» DESCRIPTION OF THE TASK: Please reproduce the data exactly, though every picture must stay out.

___ GIVEN DATA

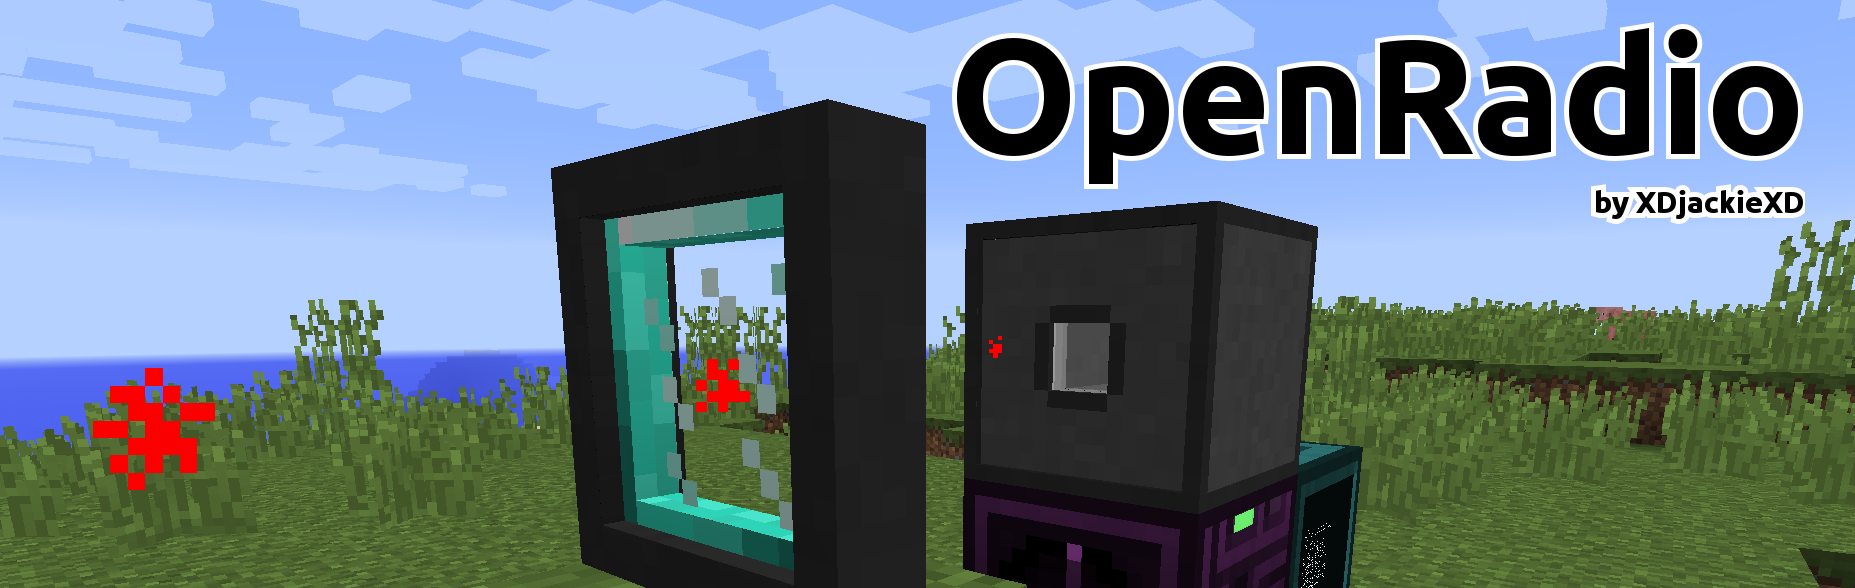 Overview - OpenRadio - Mods - Projects - Minecraft CurseForge
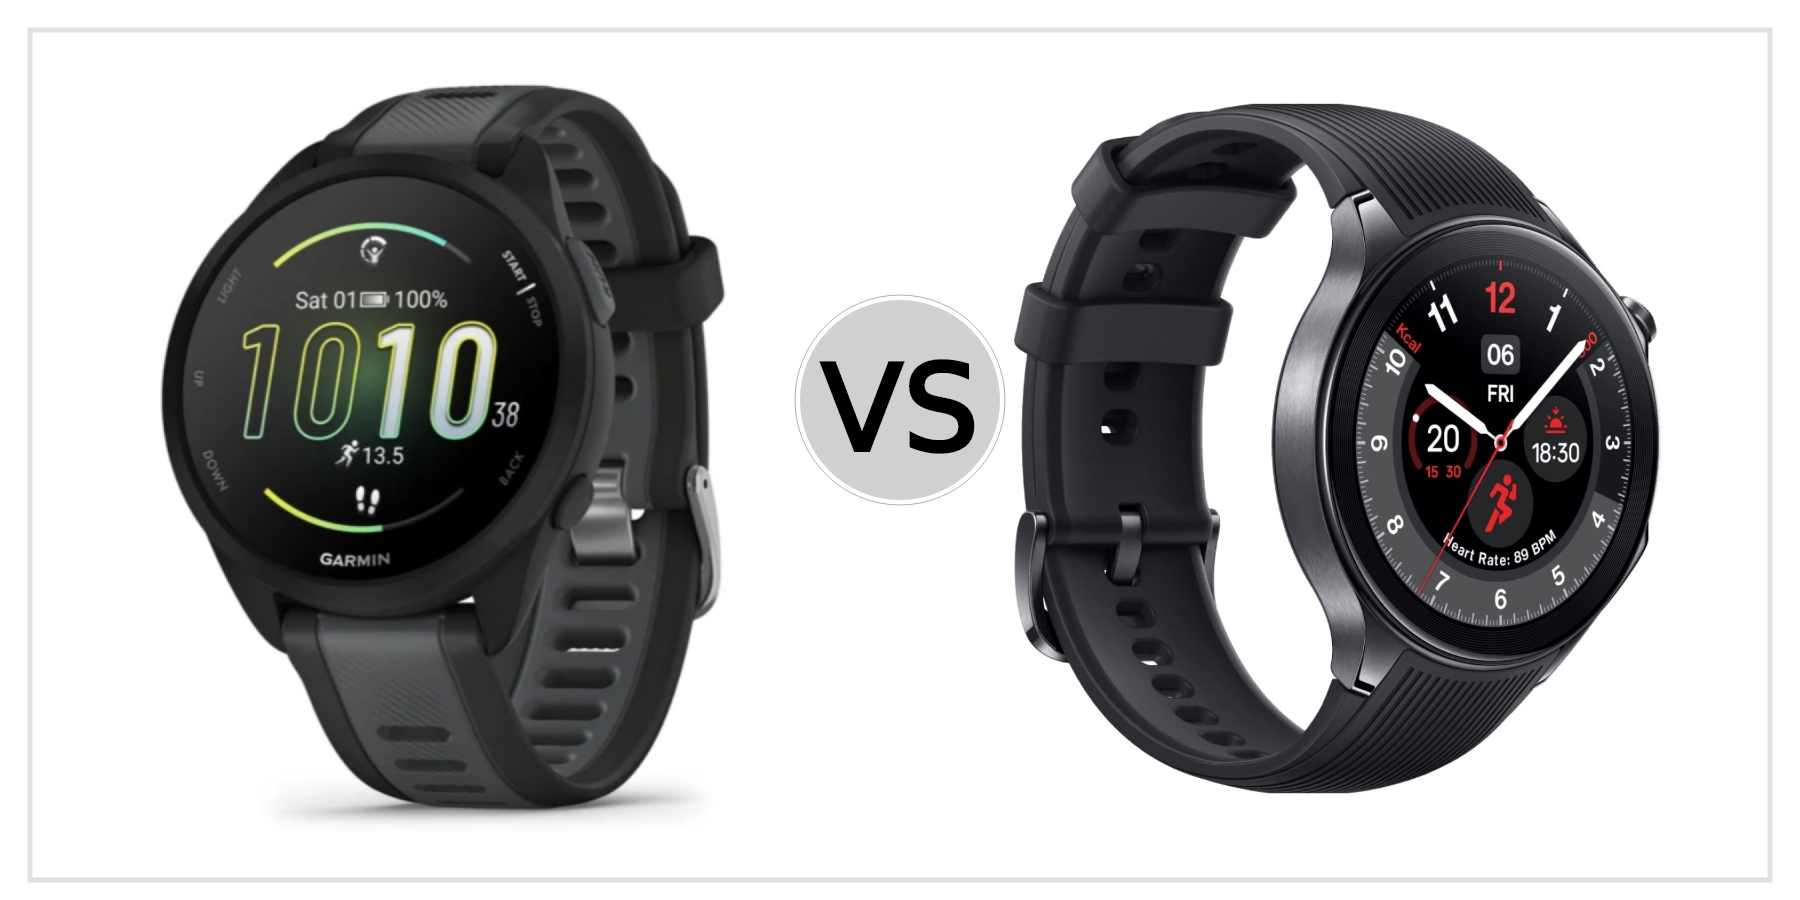 Compare Garmin Forerunner 165 VS OnePlus Watch 2 to see which is better
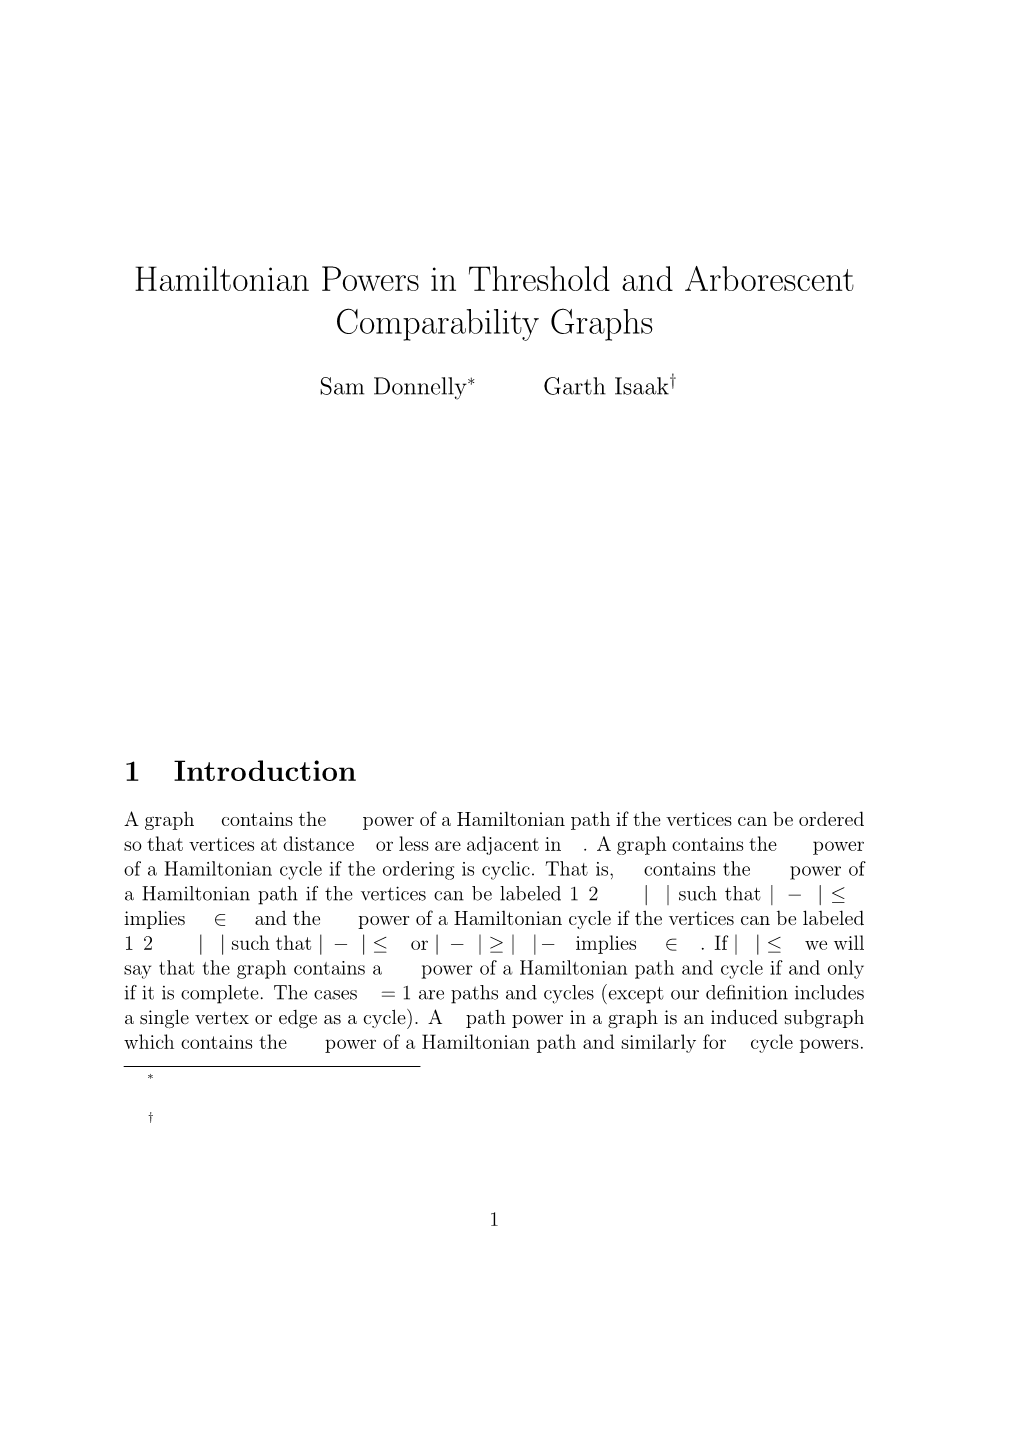 Hamiltonian Powers in Threshold and Arborescent Comparability Graphs
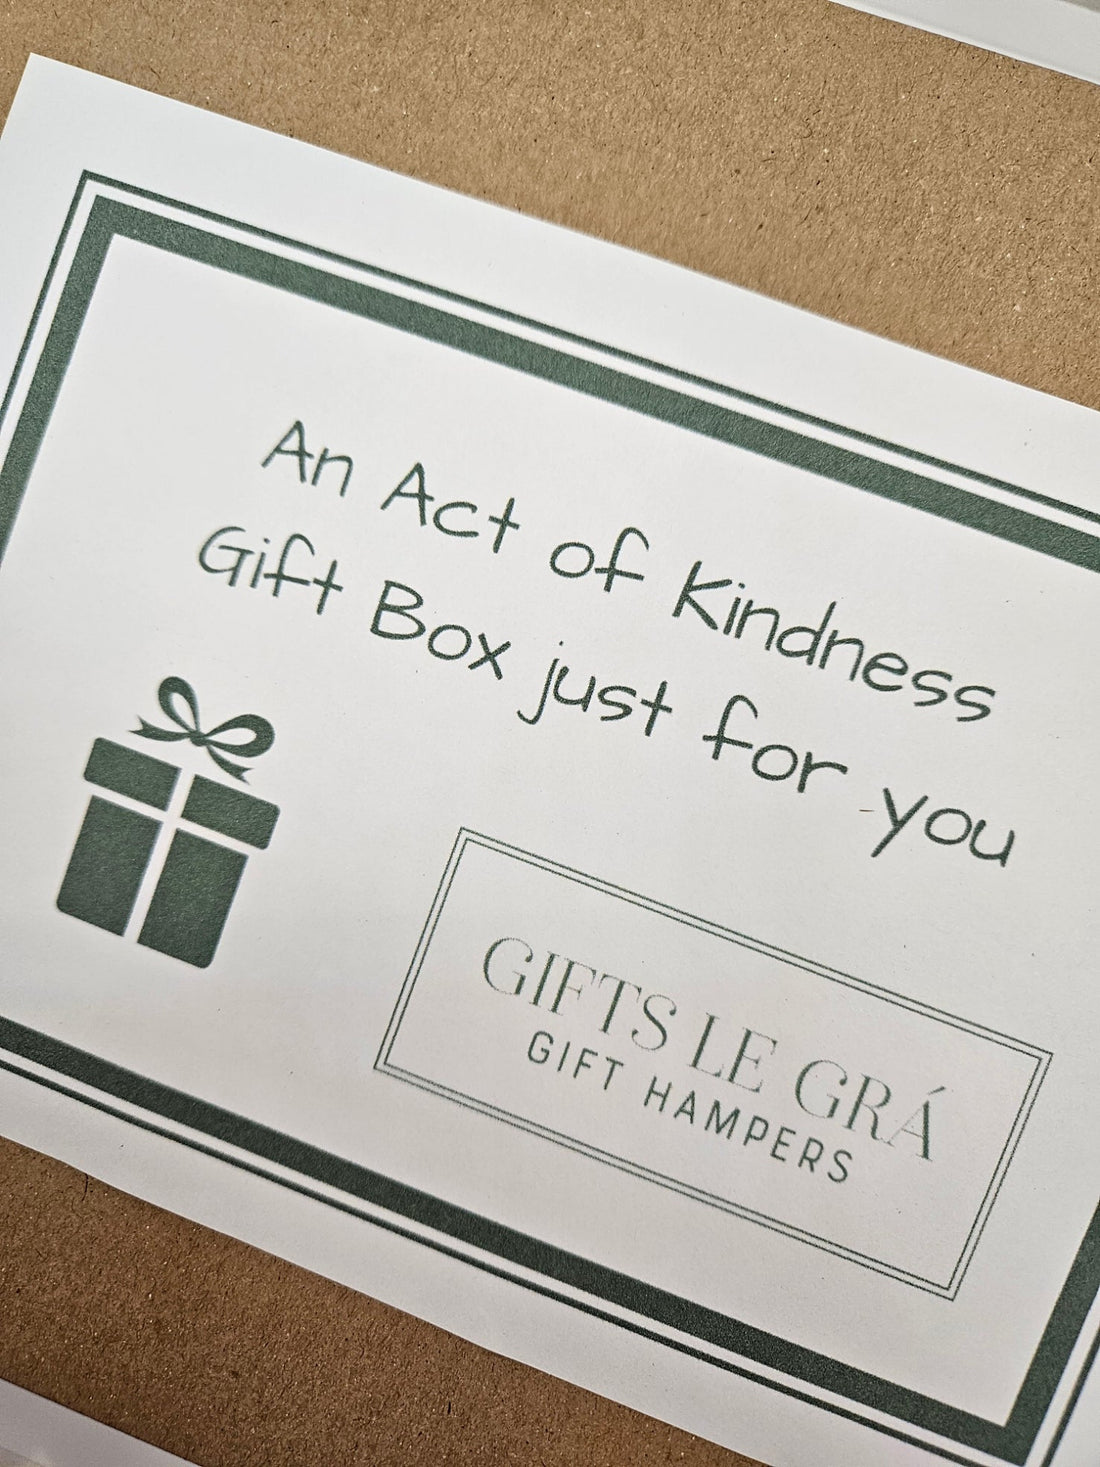 Our Act of Kindness Gift Boxes are back again - Gifts le Grá

______

» RESULT FOR THIS EXERCISE:
 Overview - OpenRadio - Mods - Projects - Minecraft CurseForge
 Compare Garmin Forerunner 165 VS OnePlus Watch 2 to see which is better
 Hamiltonian Powers in Threshold and Arborescent Comparability Graphs
 Our Act of Kindness Gift Boxes are back again - Gifts le Grá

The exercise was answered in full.